Elizabeth nodded at him. “How much?” she asked me.

I tried to decide what my mom would charge. “Thirty dollars?” I hazarded. “It's brass.”

Elizabeth took a ten and a twenty out of her wallet without argument. Darn, I thought. I should have asked for more.

I wondered about the relationship between the two of them. They didn't look like family, since he was African American and she was white. That didn't necessarily mean they weren't related, of course. Then there was the age difference: She couldn't be more than ten or fifteen years older than him. They seemed to know each other very well. She could be his teacher, maybe, but in that case wouldn't he call her Ms. Rew instead of some silly-sounding nickname?

Andre went back to poking through the boxes while Elizabeth looked over the things on the tables. Then she froze, the way people do when they spot something they really, really want, but they don't want you to know how much they want
it. She casually picked up Cousin Hepzibah's broom, lifted it to her nose like the doorknob, and sniffed it.

“That's not for sale,” I said quickly.

“Are you sure? I would give you a fair price. Maybe I could talk to your dad?”

I shook my head. “It's not ours—it's my cousin's,” I said. “What is it with that broom? Is it Shaker or something? The guy with the pipe tried to buy it too.”

“He did? What did he look like?”

“Short man, fancy clothes, red hat. Smoking a really stinky pipe. Kind of creepy somehow,” I said.

Elizabeth and Andre exchanged glances. “You think it's Feathertop?” he said.

“Maybe,” she answered.

“Who's Feathertop?” I asked.

“He's . . .” Elizabeth thought for a minute. “He's an agent for a private collector we know. You're right, kind of creepy. . . .”

“Why does he want the broom? Is it Shaker, like my mom thought?”

“No, I don't think so. The Shakers made flat, modern-style brooms. They invented them. This one has the traditional round shape. I think it's probably old, though—maybe very old.”

“Like how old?”

She shrugged. “A hundred years? Two hundred? Old. If your cousin decides to sell it, will you or your dad call me first? And if someone else makes an offer, give me a chance to meet it? I would really appreciate it,” she said. She took a business card out of an antique silver card case and handed it to me.

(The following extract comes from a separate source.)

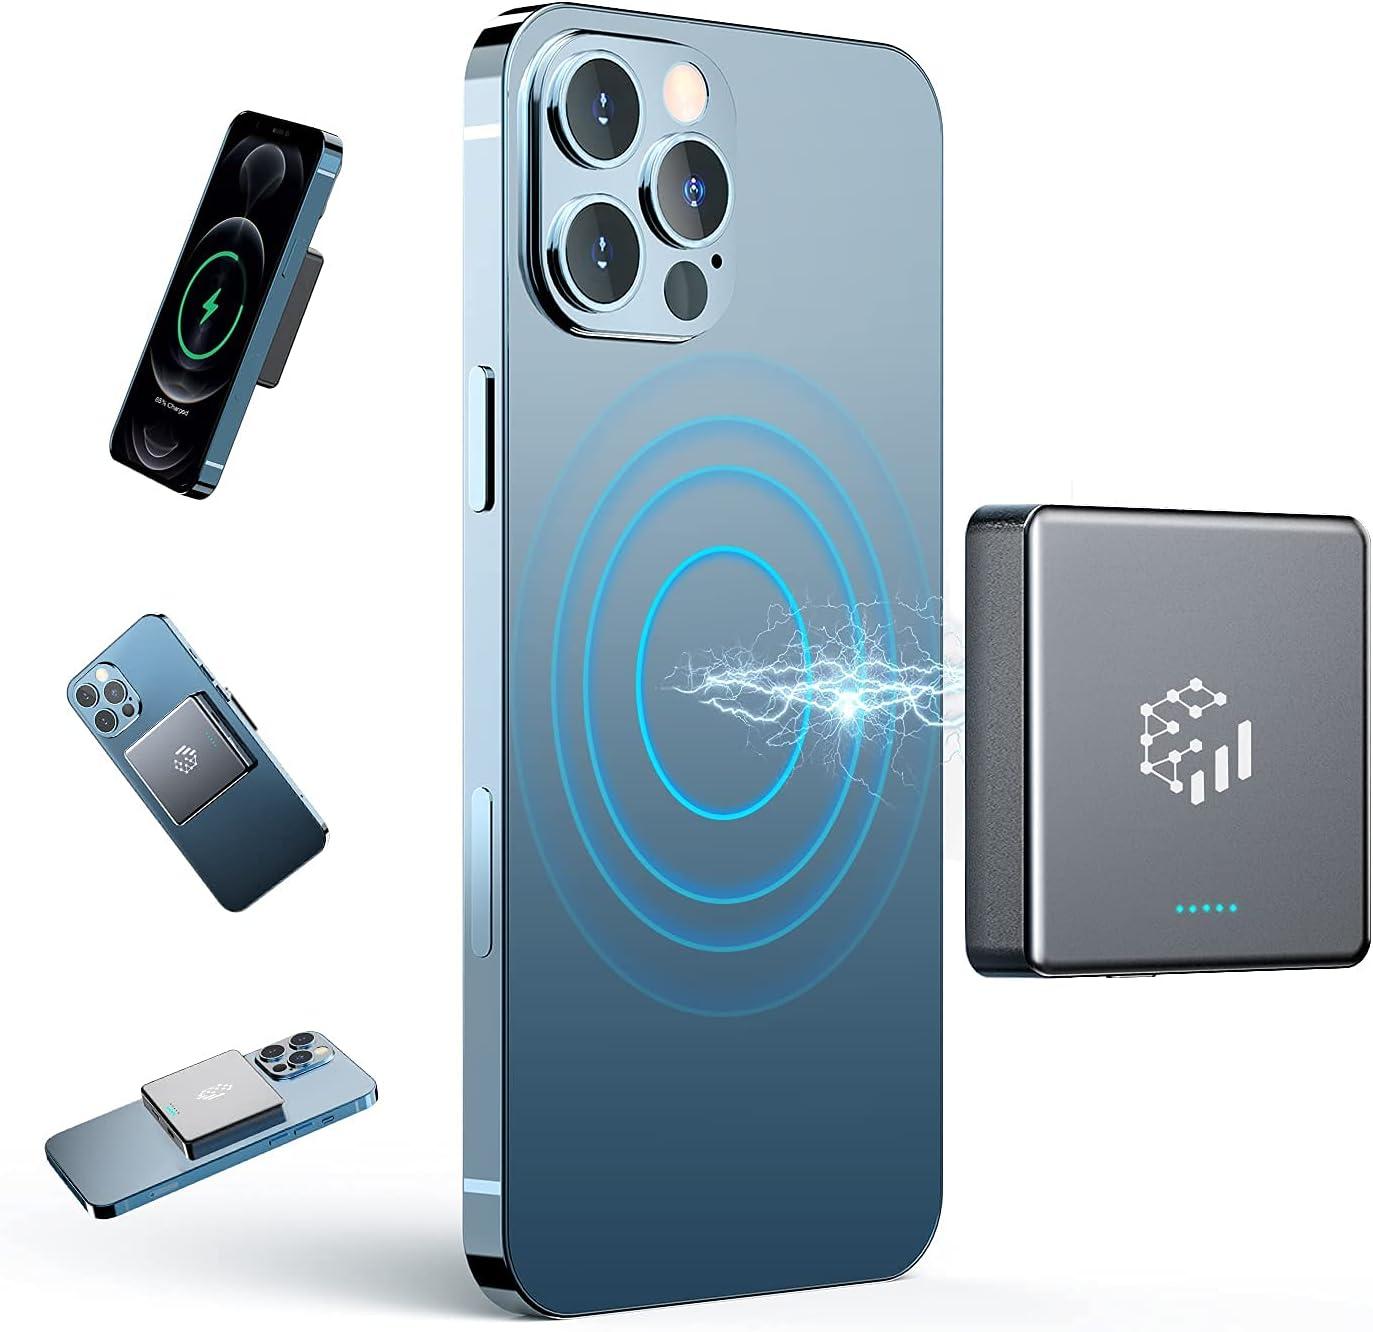 Feerory 10000mAh Magnetic Wireless Power Bank,2021 Twice Battery Capacity But Half Mini Size & Lightweight, 20W Fast Magnetic Wireless Portable Charger for iPhone 12 &13 / Pro/Mini/Pro Max
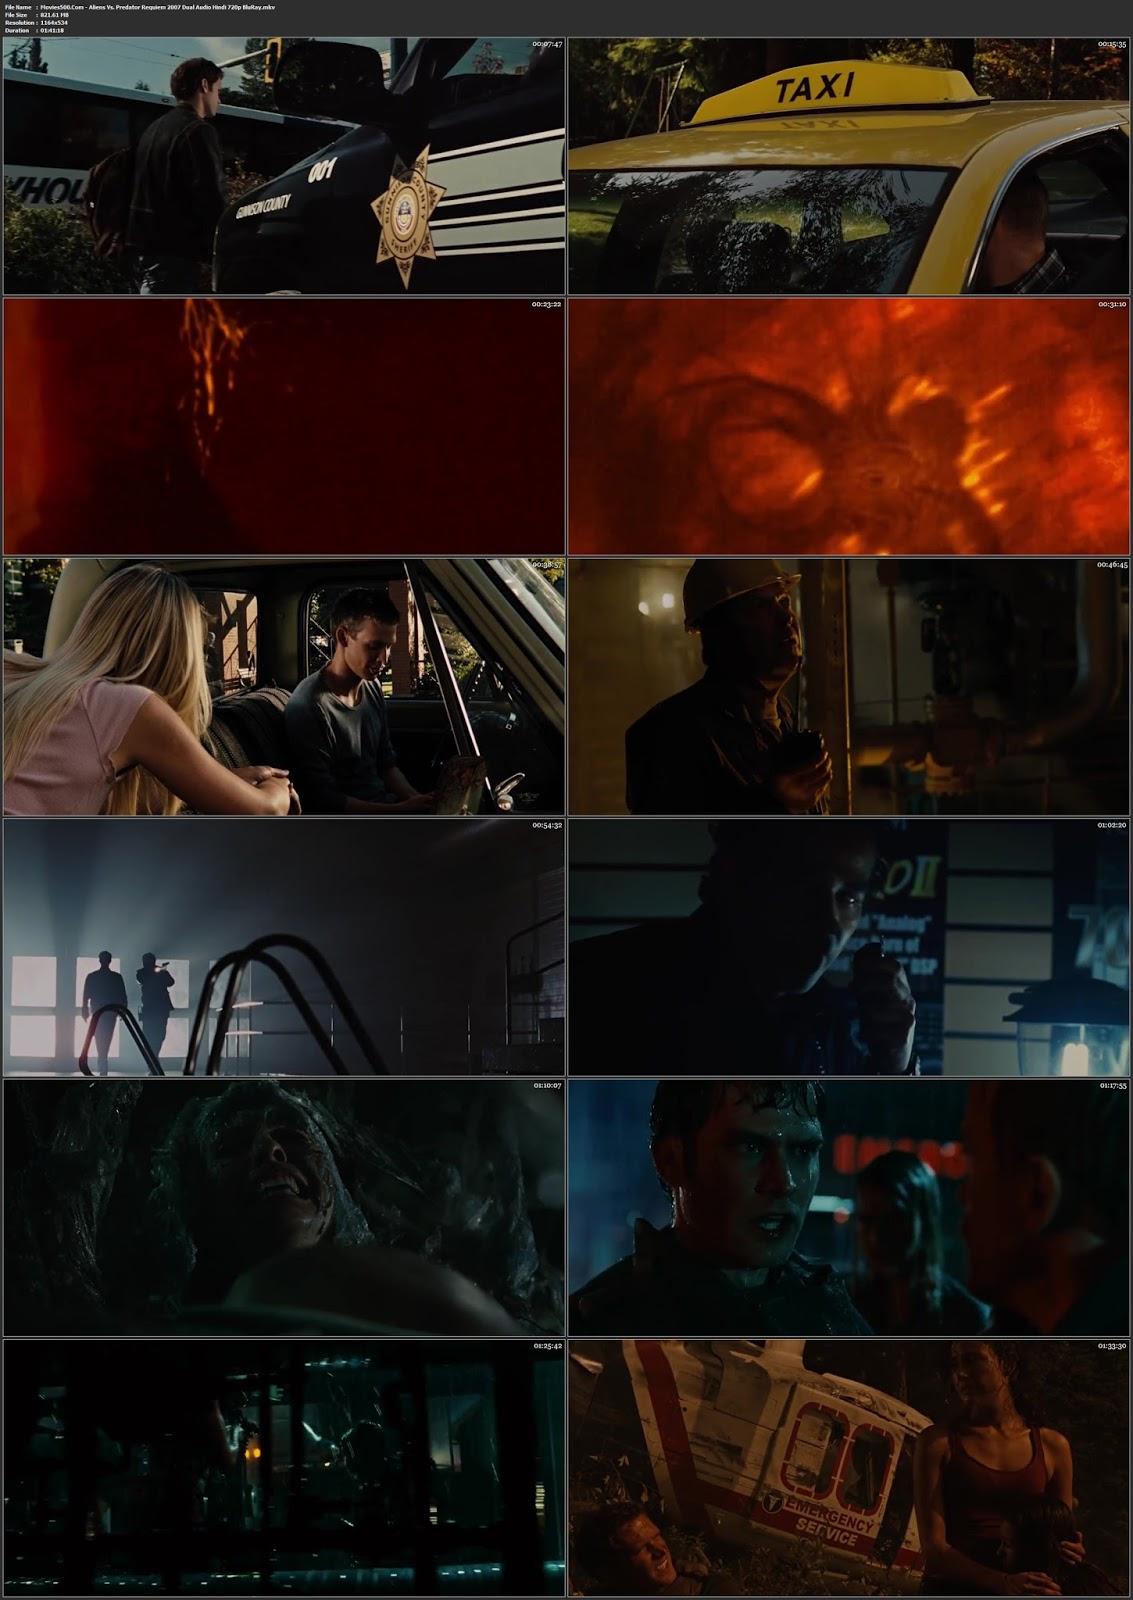 Aliens Vs. Predator Requiem 2007 Hindi English 300MB BluRay 480p at lanstream.uk

“Um, sure,” I said, reading the card. It said
Elizabeth Rew,
PhD, Associate Repositorian for Acquisitions, The New-York Circulating Material Repository
. It gave a phone number and an address.

She handed me another of her cards. “Here's one for your dad too. Ask him to call me?” she asked. “I want to talk to him about that doorknob. Maybe he could keep an eye out for some other stuff for us too.”

“Sure,” I said again.

A man, maybe in his thirties, with salt-and-pepper hair and a suave look, appeared at her elbow. “Why, Elizabeth Rew! And little Andre too, looking smug. Can I assume you've beaten me to the good stuff again?”

Elizabeth turned around and smiled. “Hello, Jonathan. I was wondering if we'd see you—it seems we just missed your . . . associate.”

Was this the creepy pipe smoker's boss, then?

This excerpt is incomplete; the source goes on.